▶ _Data excerpt_
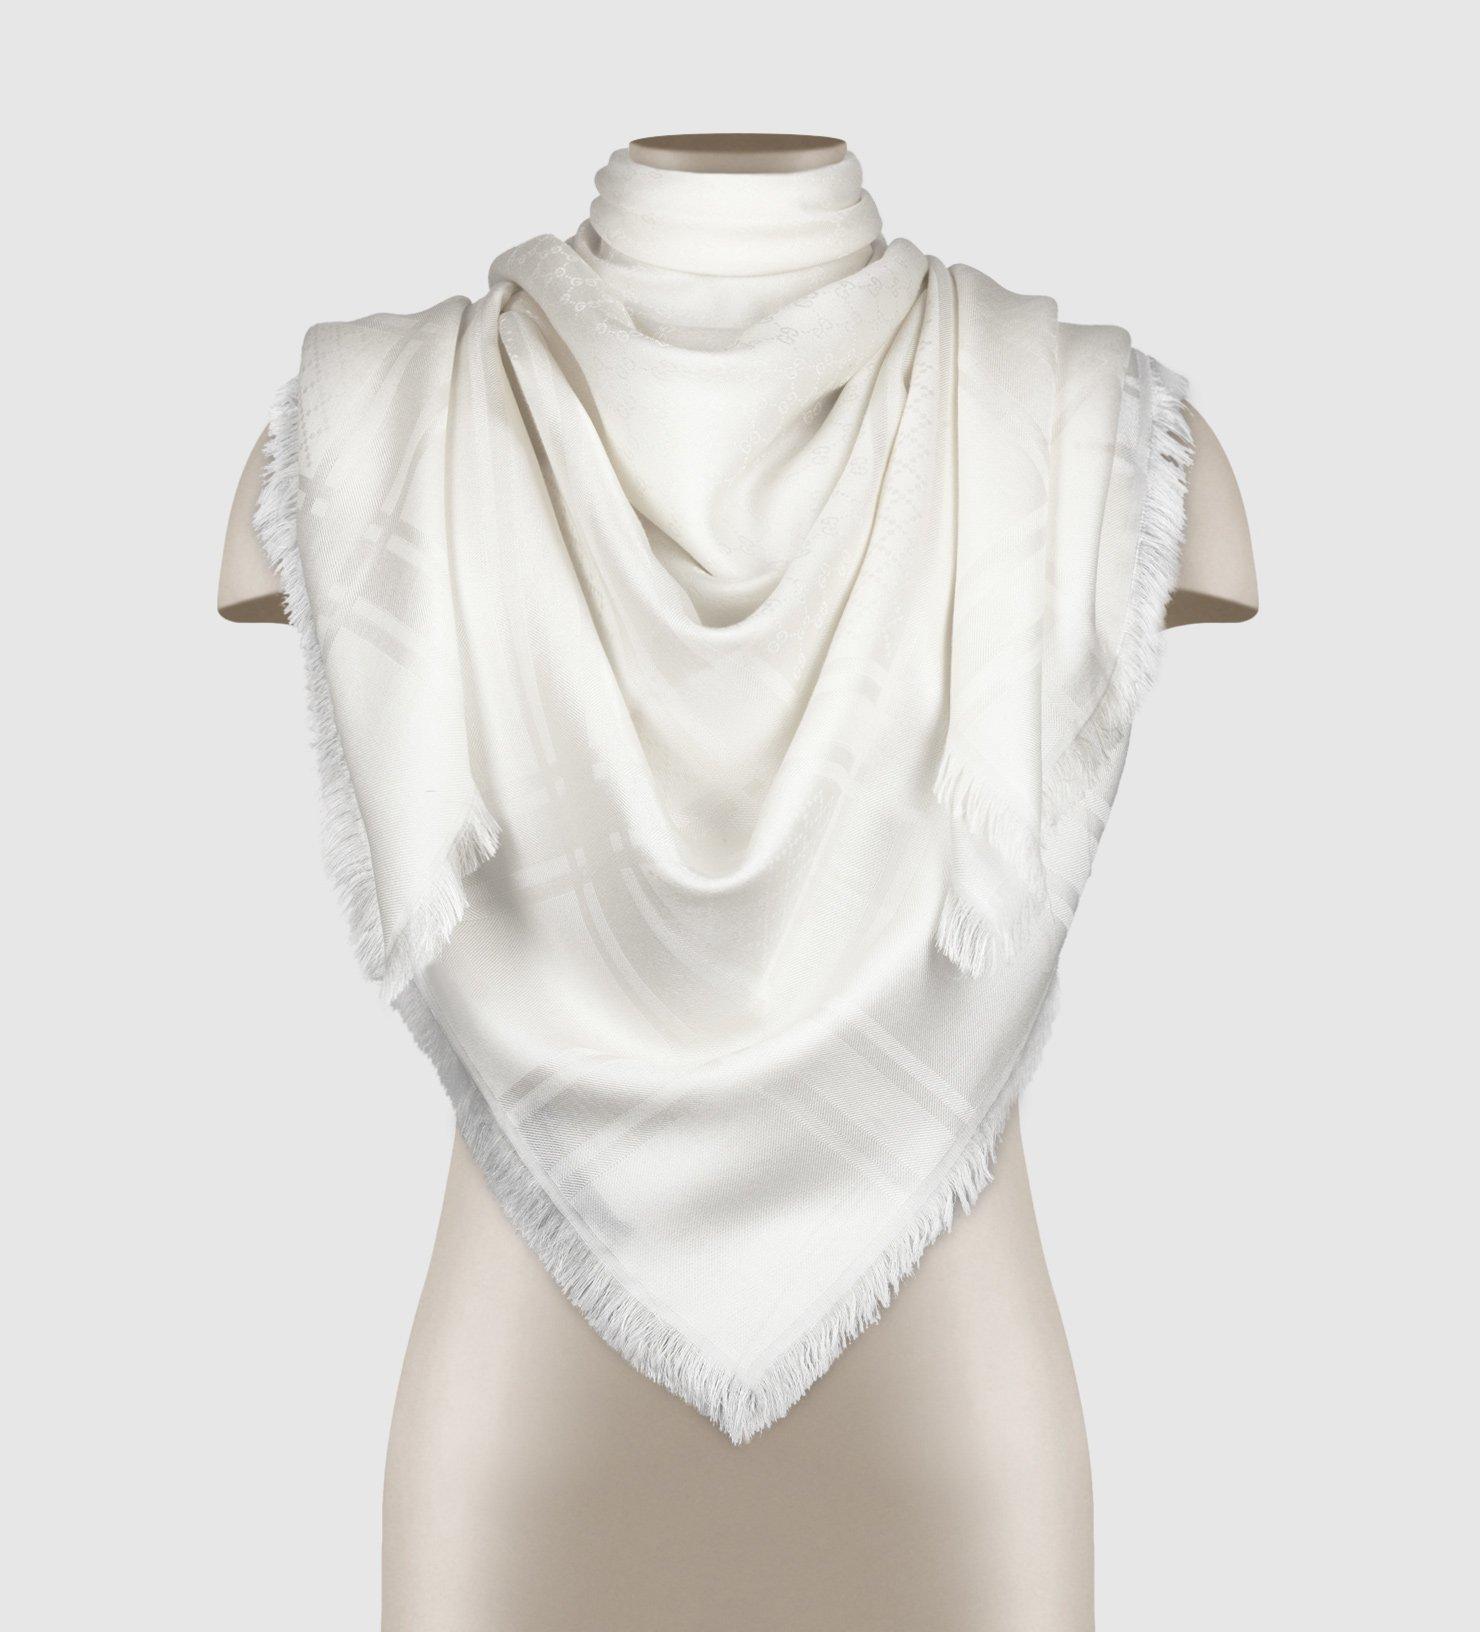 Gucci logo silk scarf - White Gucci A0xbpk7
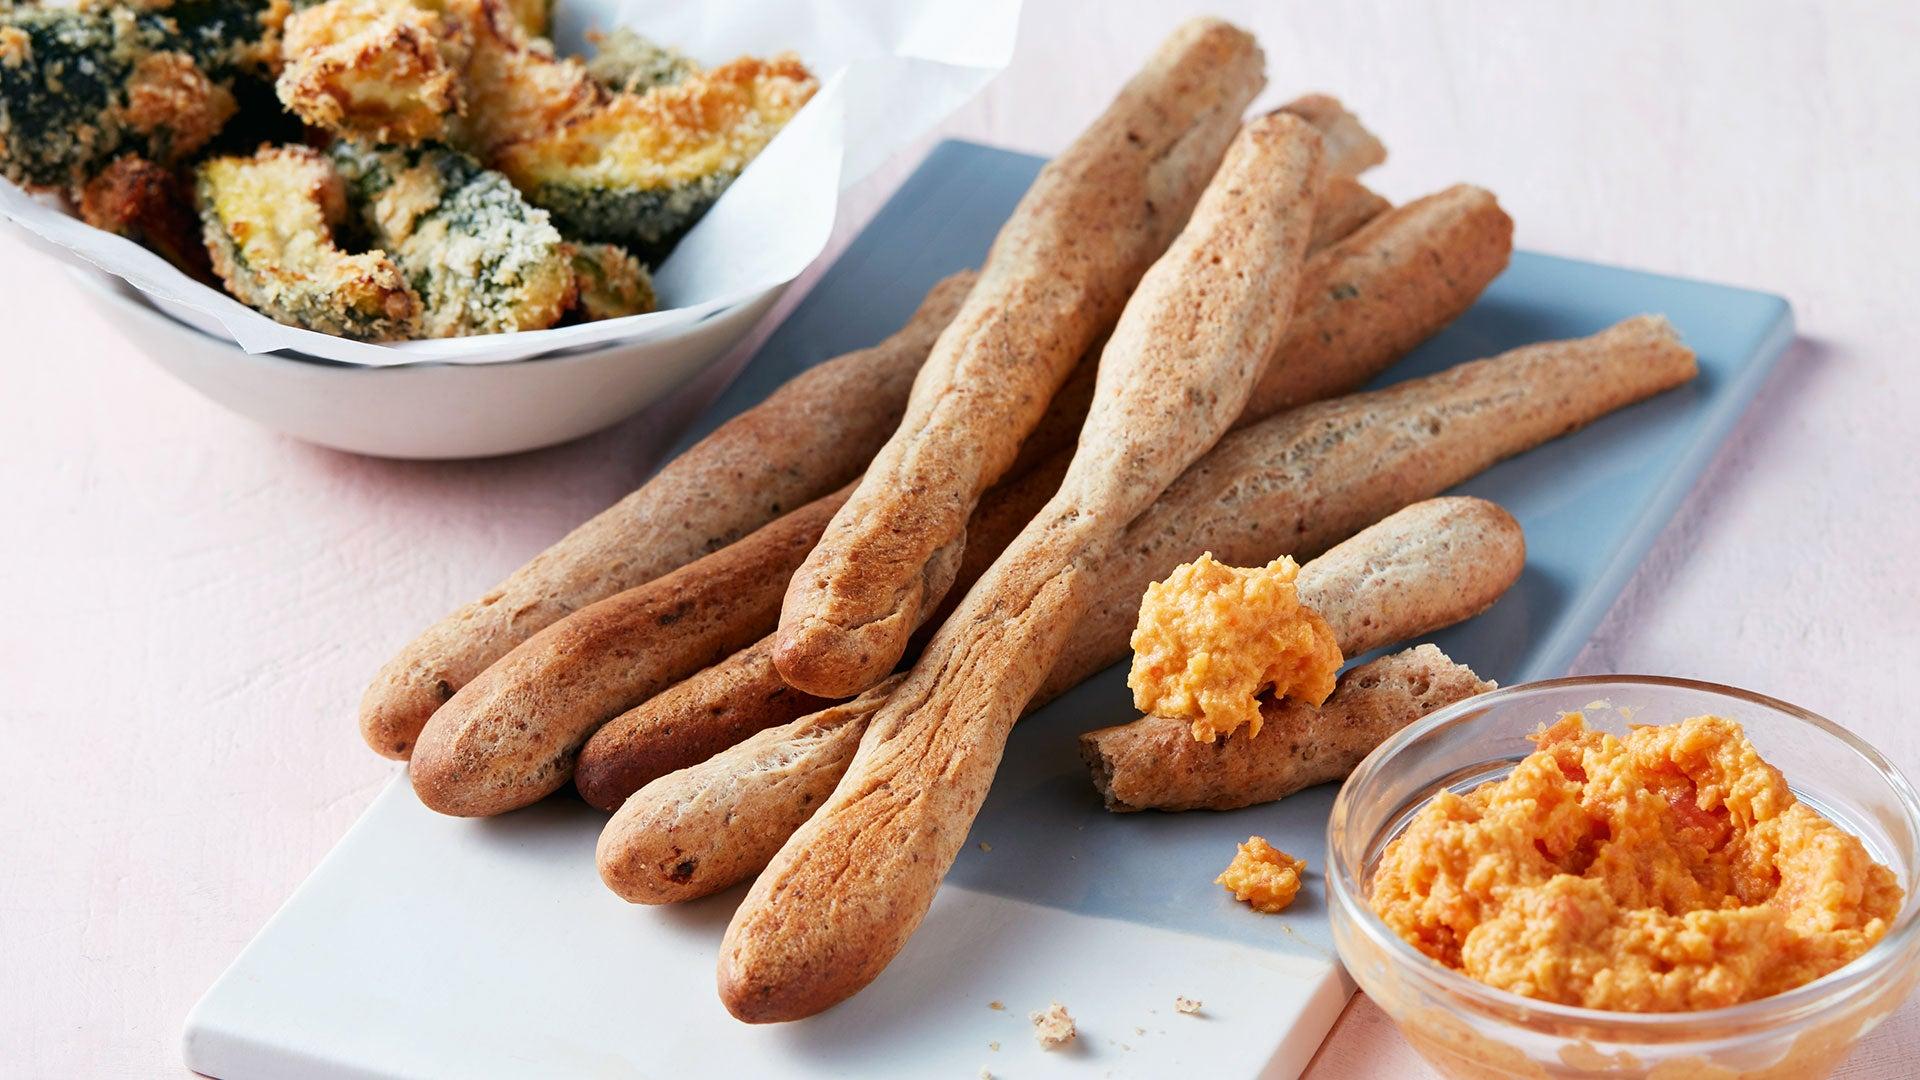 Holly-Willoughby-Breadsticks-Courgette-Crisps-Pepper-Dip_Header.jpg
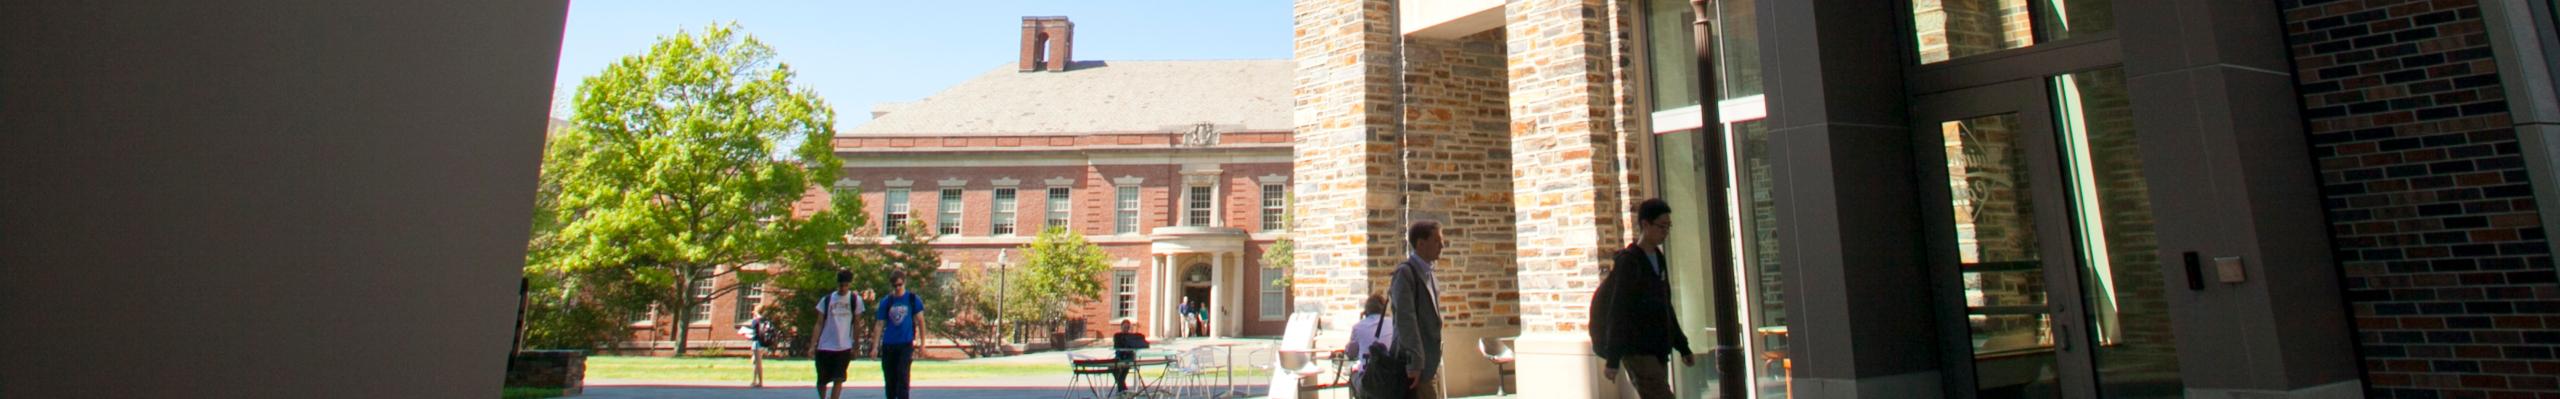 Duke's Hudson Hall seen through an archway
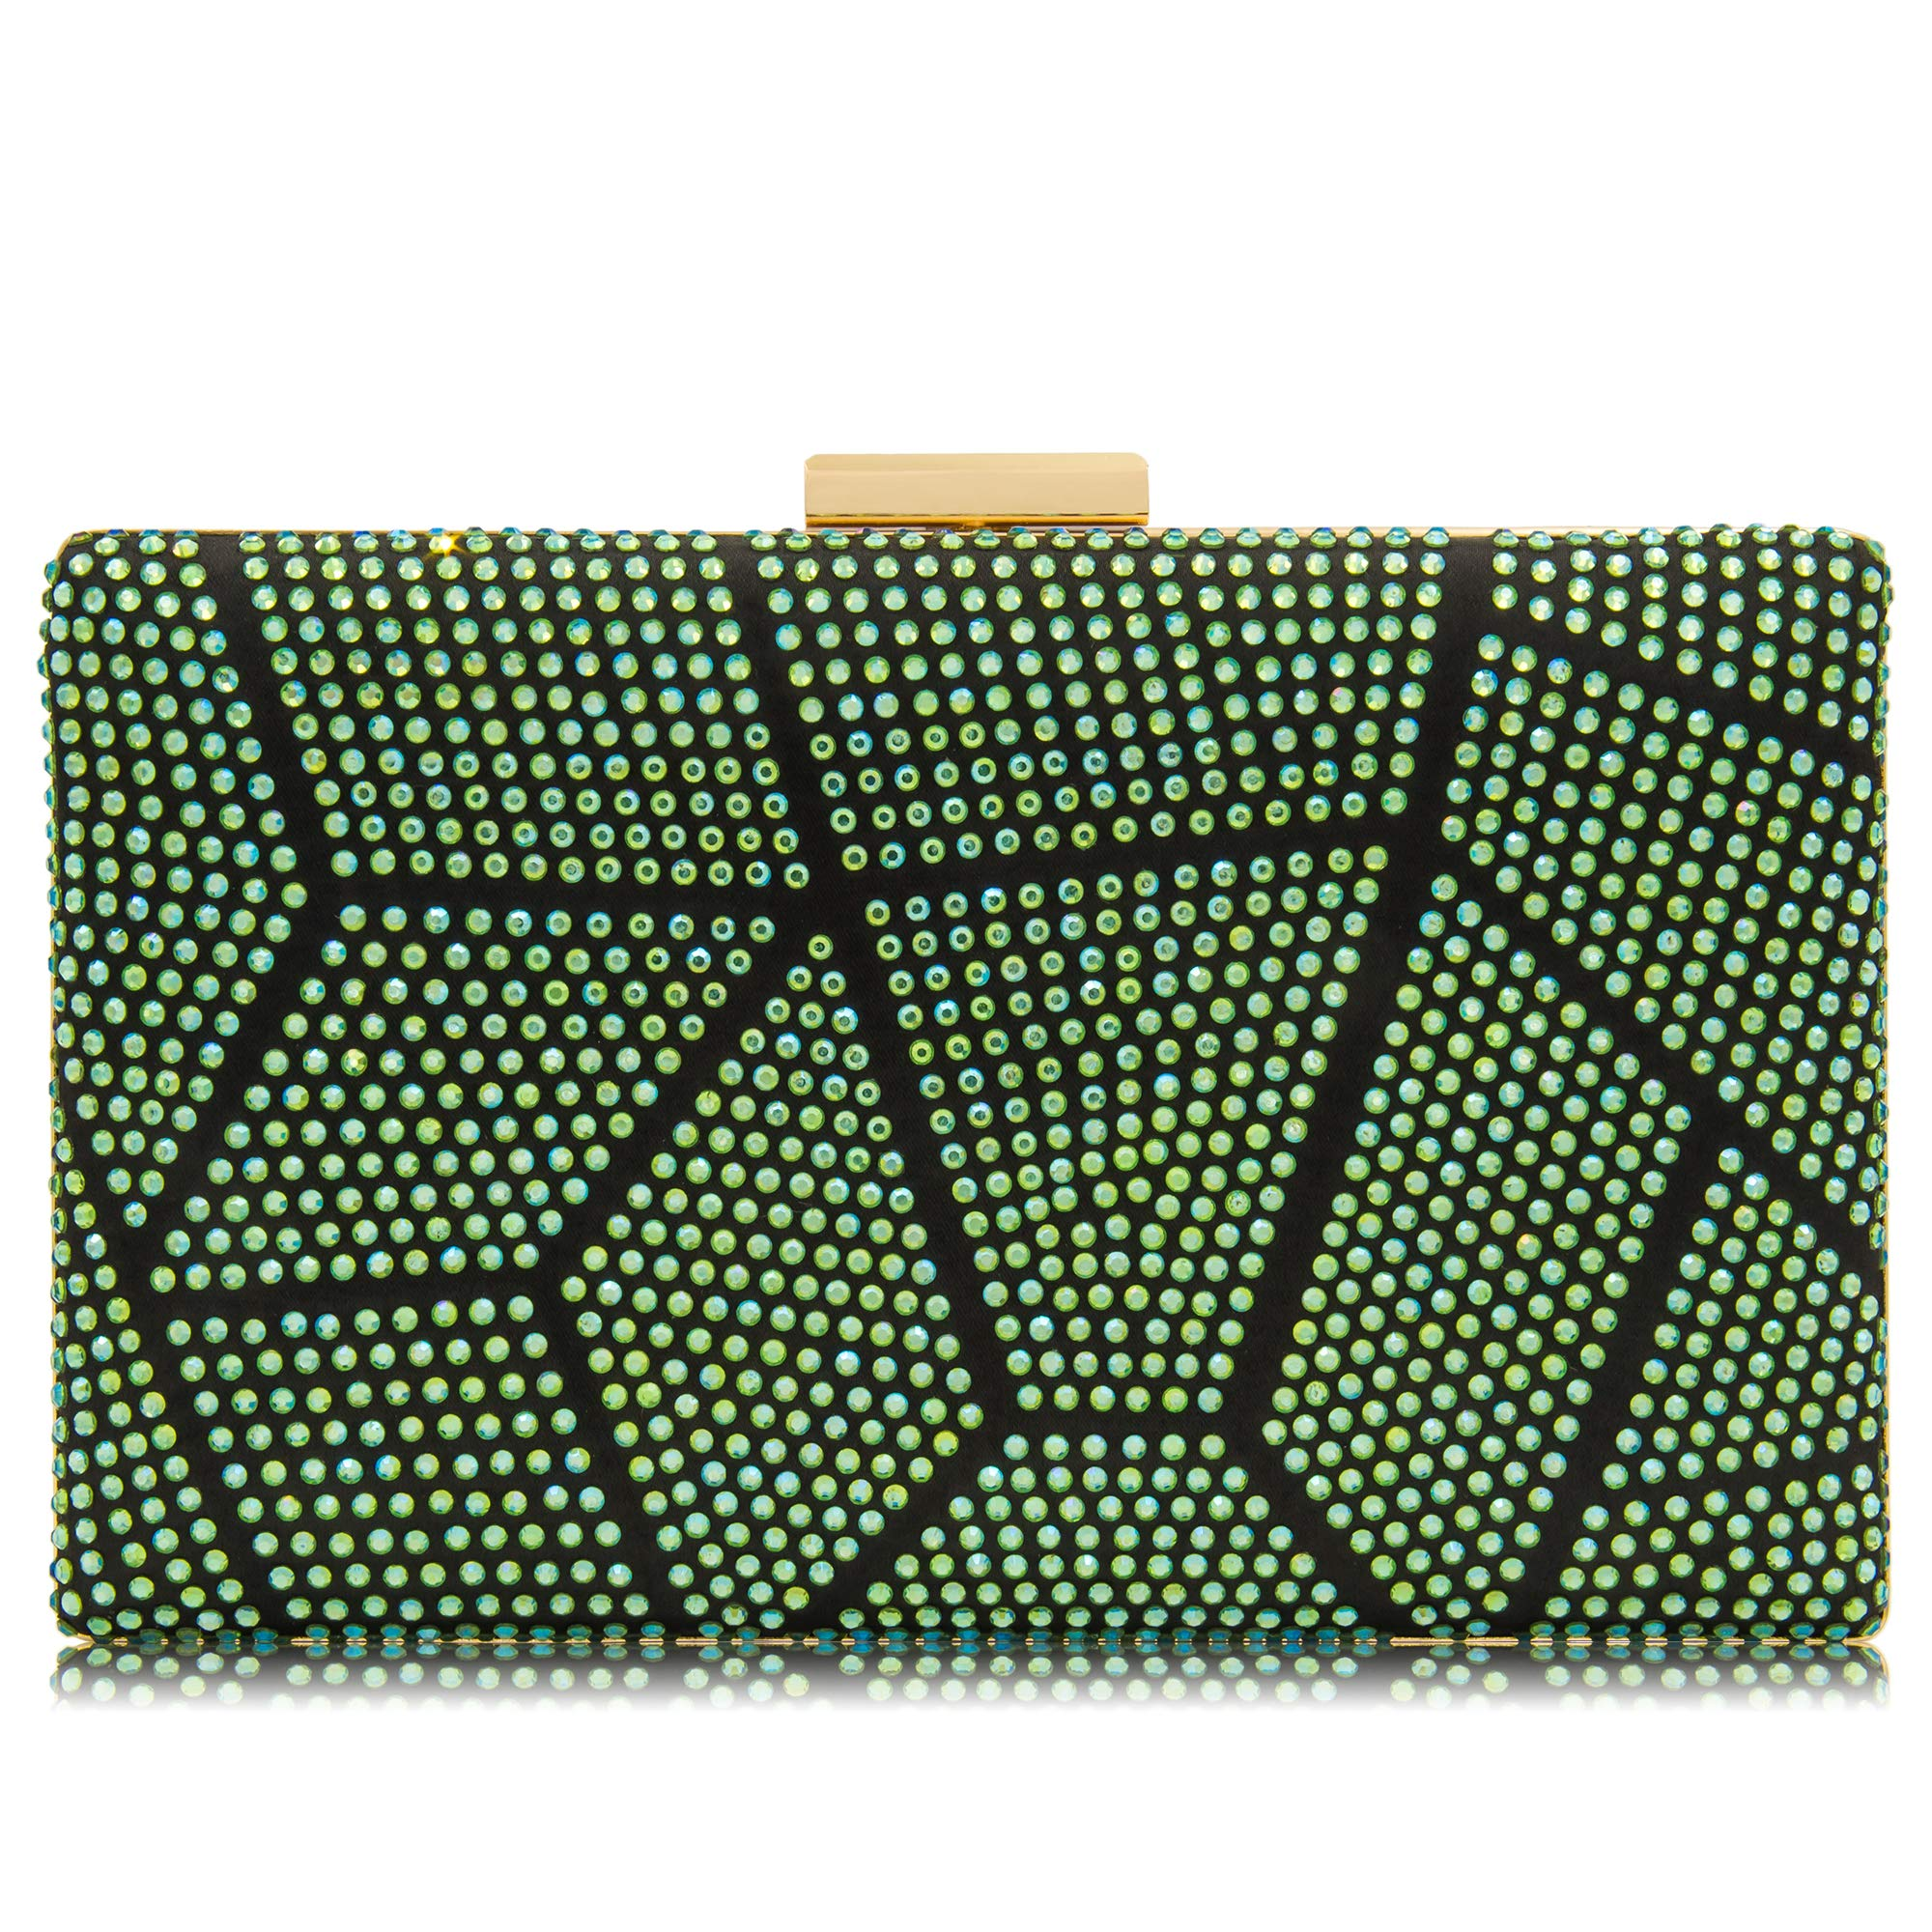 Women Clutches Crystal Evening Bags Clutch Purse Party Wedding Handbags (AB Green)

▶ _Exercise objective_
Keep the pictures out of the copy and return the rest of the data above exactly.

▶ _Reply to the task_
 Gucci logo silk scarf - White Gucci A0xbpk7
 Holly-Willoughby-Breadsticks-Courgette-Crisps-Pepper-Dip_Header.jpg
 Duke's Hudson Hall seen through an archway
 Women Clutches Crystal Evening Bags Clutch Purse Party Wedding Handbags (AB Green)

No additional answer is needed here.